--- WHAT THE EXERCISE ASKS ---
Look below for the line with "The beautiful Iguazzu Falls, pre-cruise."; begin the copy there and stop after the line with "1 x Lincat Silverlink", keeping the text exact and the pictures out.

--- INPUT ---
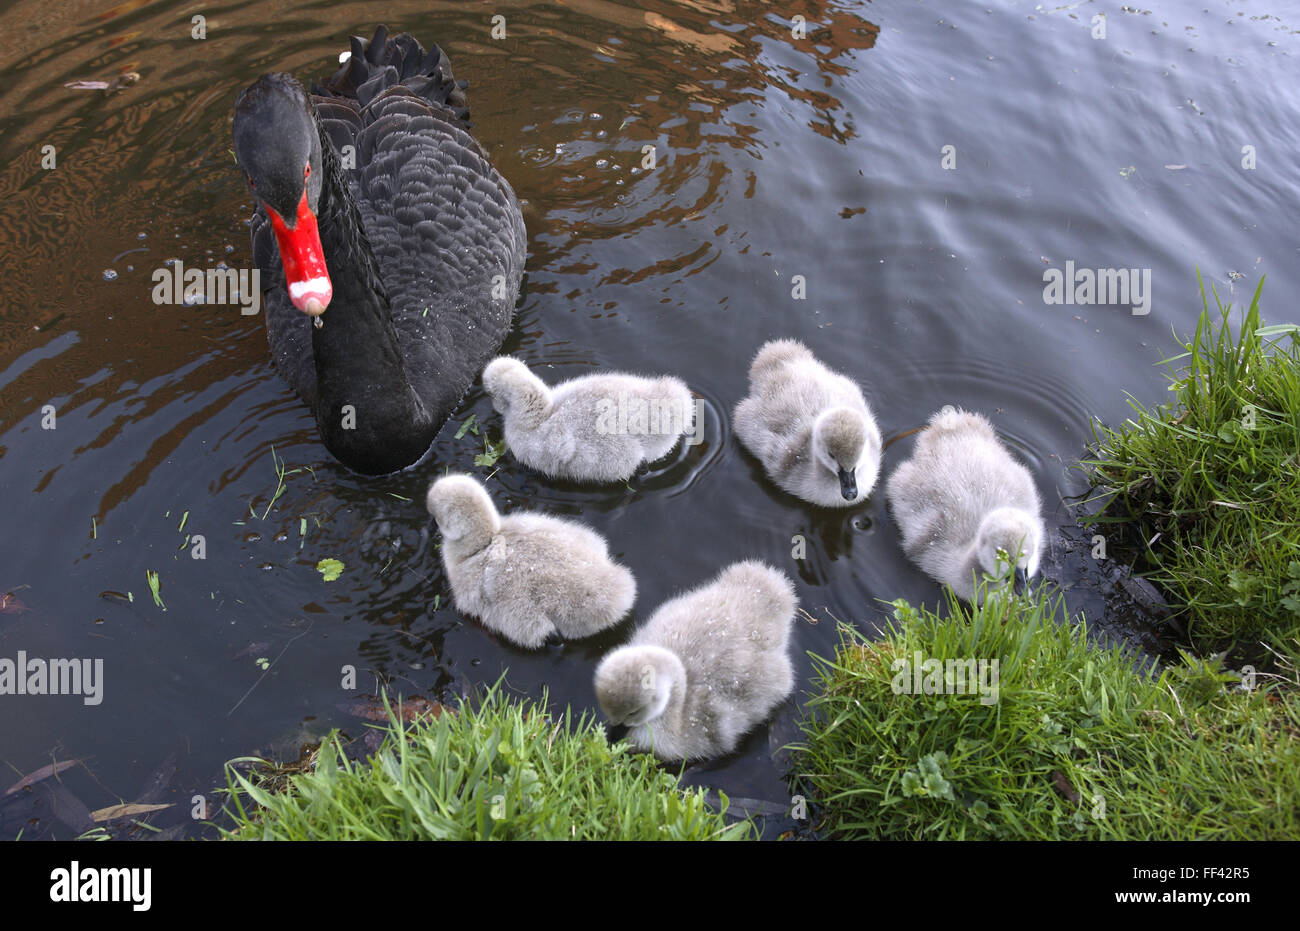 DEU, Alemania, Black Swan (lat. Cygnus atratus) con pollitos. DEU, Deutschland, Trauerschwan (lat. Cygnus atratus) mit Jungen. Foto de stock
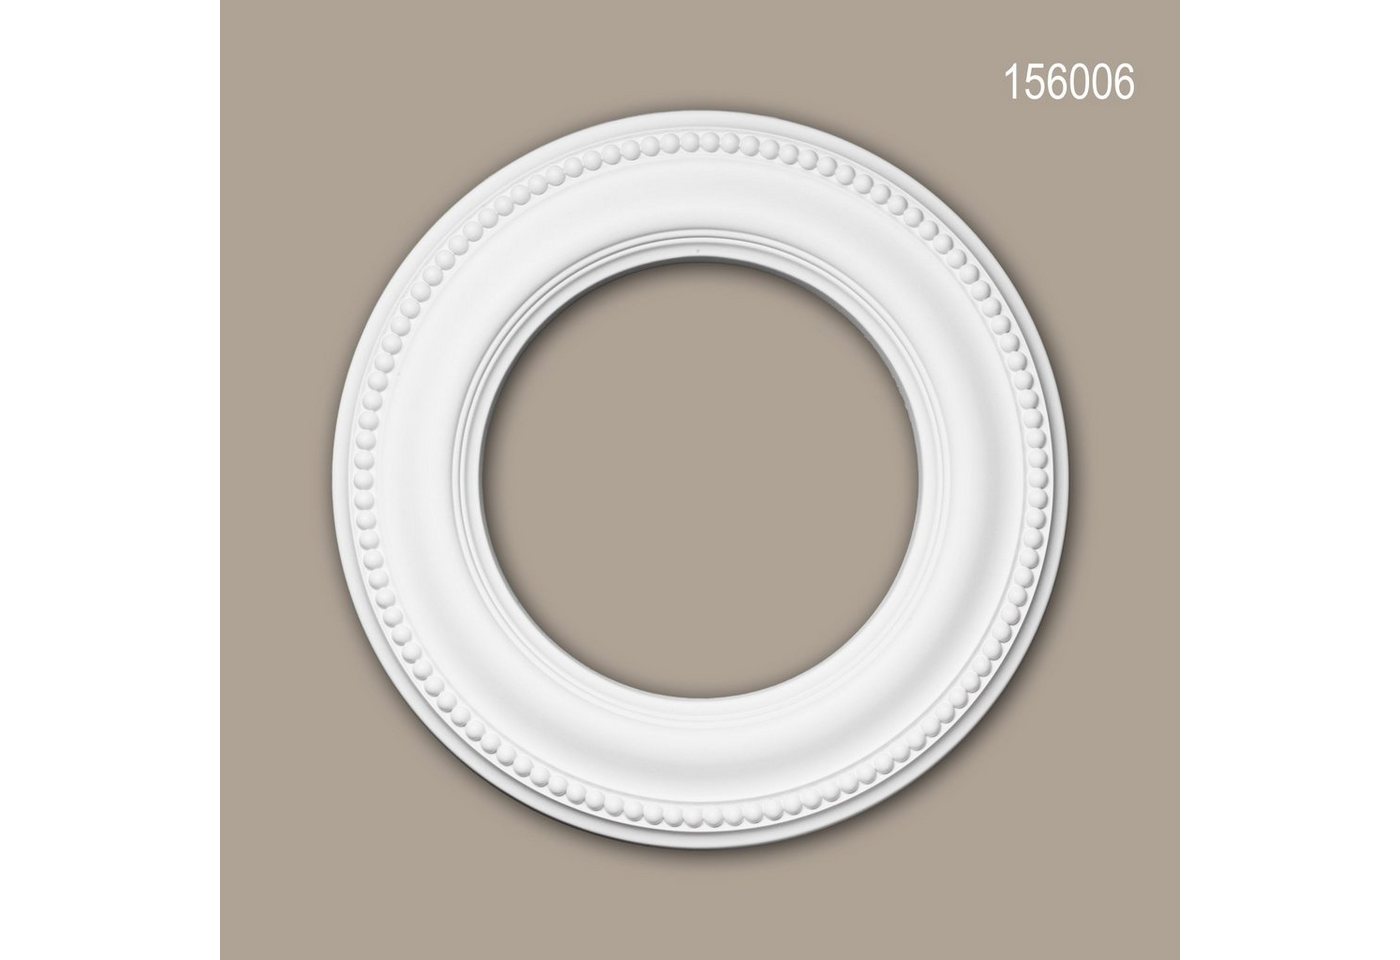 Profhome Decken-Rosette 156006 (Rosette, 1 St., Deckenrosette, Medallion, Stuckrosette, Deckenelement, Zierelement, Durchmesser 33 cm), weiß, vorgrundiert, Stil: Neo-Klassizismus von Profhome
* * *
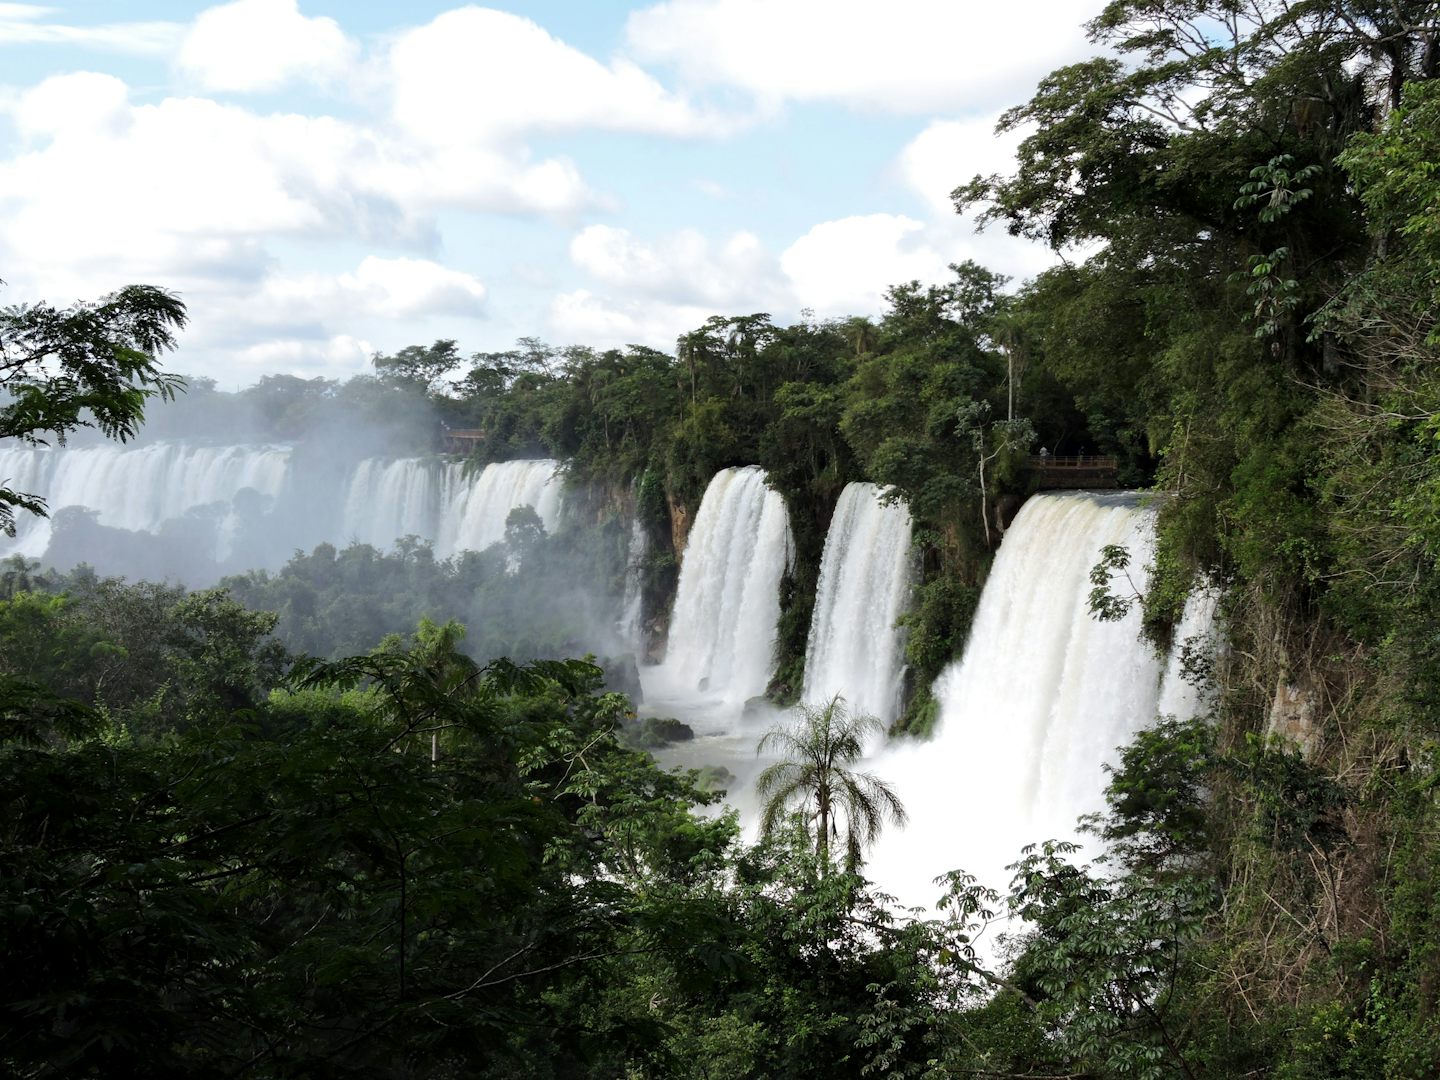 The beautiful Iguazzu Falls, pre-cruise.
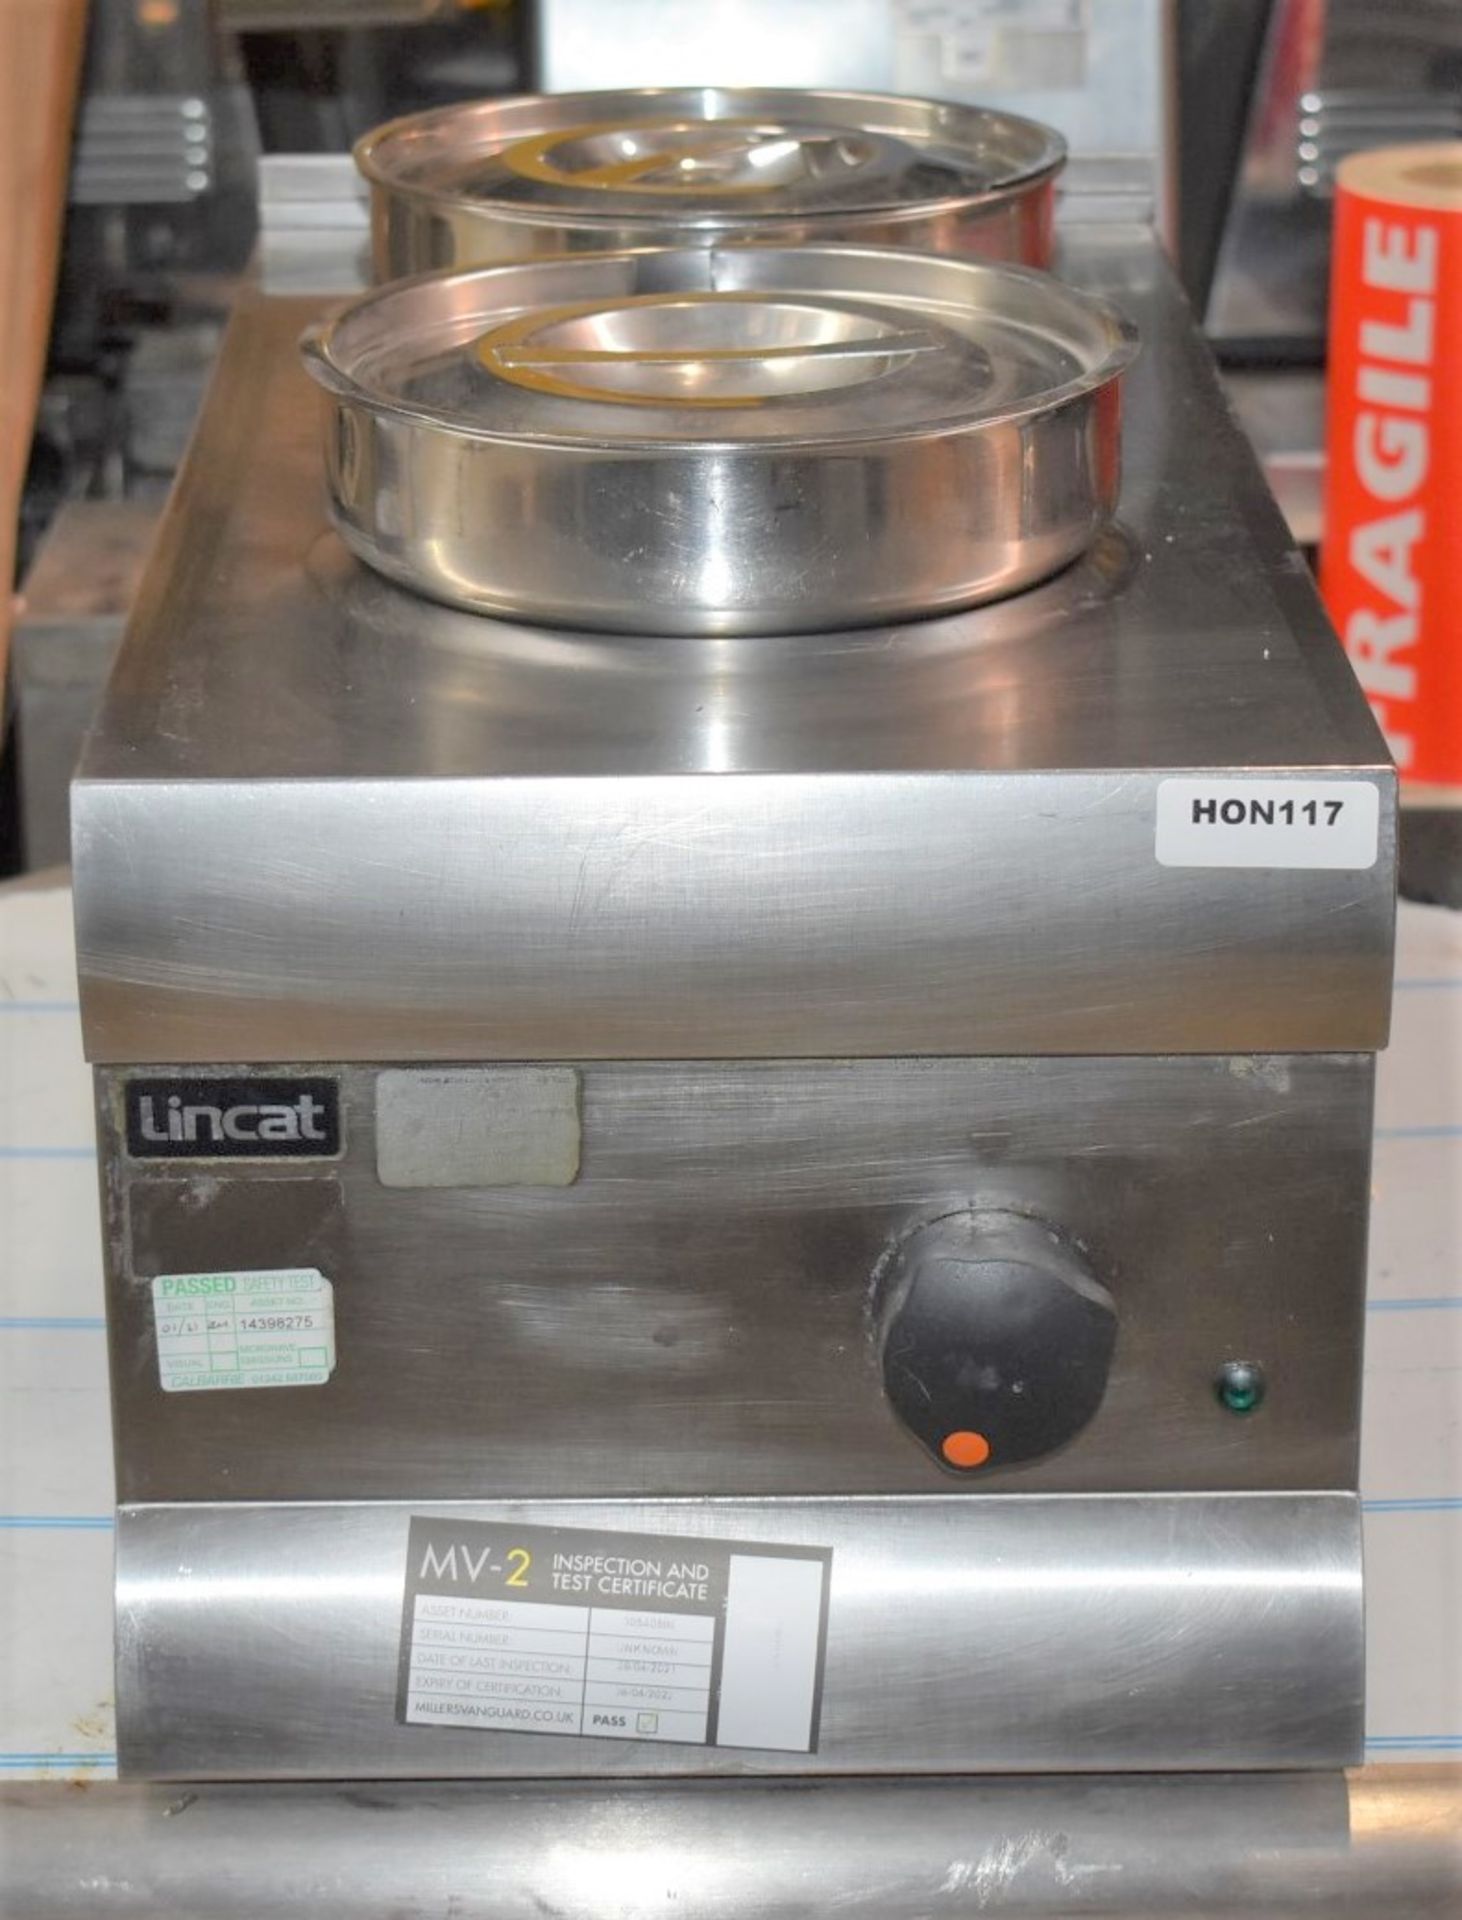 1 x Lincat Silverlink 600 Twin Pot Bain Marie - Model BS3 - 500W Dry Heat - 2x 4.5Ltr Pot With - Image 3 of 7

--- TASK SOLUTION ---
 The beautiful Iguazzu Falls, pre-cruise.
 1 x Lincat Silverlink 600 Twin Pot Bain Marie - Model BS3 - 500W Dry Heat - 2x 4.5Ltr Pot With - Image 3 of 7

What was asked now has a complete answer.